Why #1: Pods never became Ready
Why #2: Pods stuck in Pending state
Why #3: PVCs couldn't bind (StorageClass "fast" not found)
Why #4: longhorn-storage Kustomization failed to apply
Why #5: numberOfReplicas was integer instead of string
ROOT CAUSE: YAML type coercion issue
FIX: Use properly typed variable for StorageClass parameters
See investigation-guide.md for red flags that you haven't reached root cause.
Investigation Phases
Phase 1 — Triage: Confirm cluster (ask user: dev/integration/live) → assess severity (P1 down / P2 degraded / P3 minor) → identify scope.
Phase 2 — Data Collection: Use scripts/cluster-health.sh [namespace] for a quick snapshot. For targeted collection:
kubectl get pods -n <namespace>
kubectl describe pod <pod> -n <namespace>
kubectl logs <pod> -n <namespace> --tail=100
kubectl logs <pod> -n <namespace> --previous
kubectl get events -n <namespace> --sort-by='.lastTimestamp'
kubectl top pods -n <namespace>
Metrics and alerts (Prometheus is behind OAuth2 Proxy — DNS URLs won't work for API queries):
kubectl --context <cluster> exec -n monitoring prometheus-kube-prometheus-stack-0 -c prometheus -- \
wget -qO- 'http://localhost:9090/api/v1/alerts' | jq '.data.alerts[] | select(.state == "firing")'
Phase 3 — Correlation: Extract timestamps from logs, events, metrics → identify what happened FIRST → trace cascade.
Phase 4 — Root Cause: Apply 5 Whys. Validate: temporal (before symptom?), causal (logically explains it?), evidence (supporting data?), complete (asked "why" enough times?).
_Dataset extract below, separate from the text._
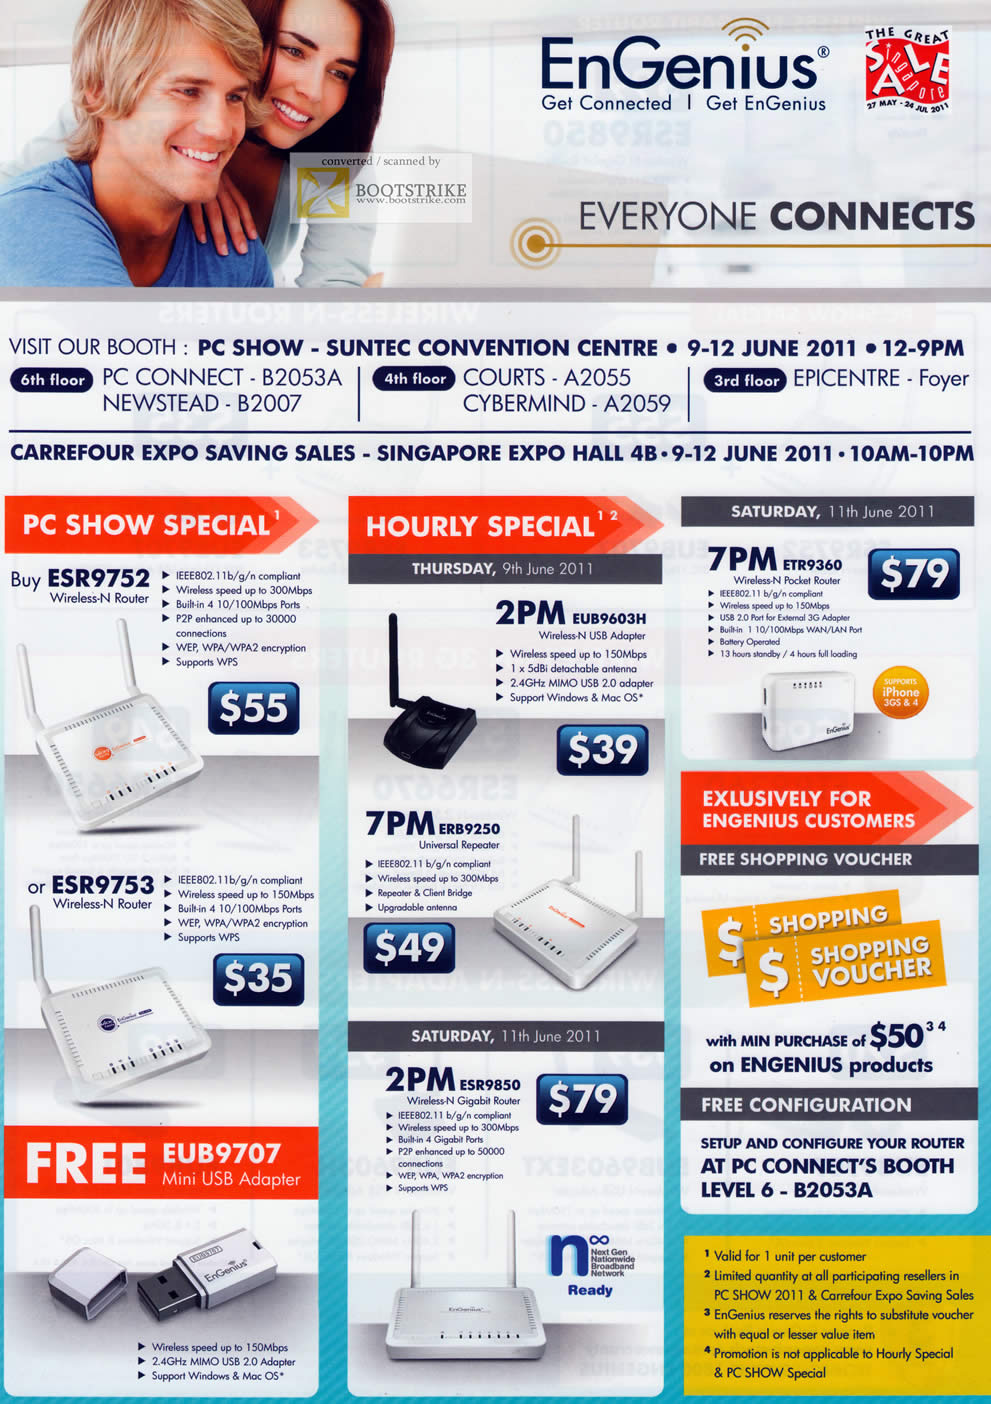 PC Show 2011 price list image brochure of Engenius Networking ESR9752 Wireless Router ESR9753 Hourly Special Shopping Voucher EUB9707

Phase 5 — Remediation: Use AskUserQuestion when multiple valid approaches exist. Provide recommendations only (read-only on integration/live):
- Immediate: rollback, scale, restart
- Permanent: code/config fixes
- Prevention: alerts, quotas, tests
For symptom → first check → common cause mapping, see investigation-guide.md.
Network Policy Debugging (Cilium + Hubble)
All traffic is implicitly denied. Missing labels are the most common cause of blocked traffic.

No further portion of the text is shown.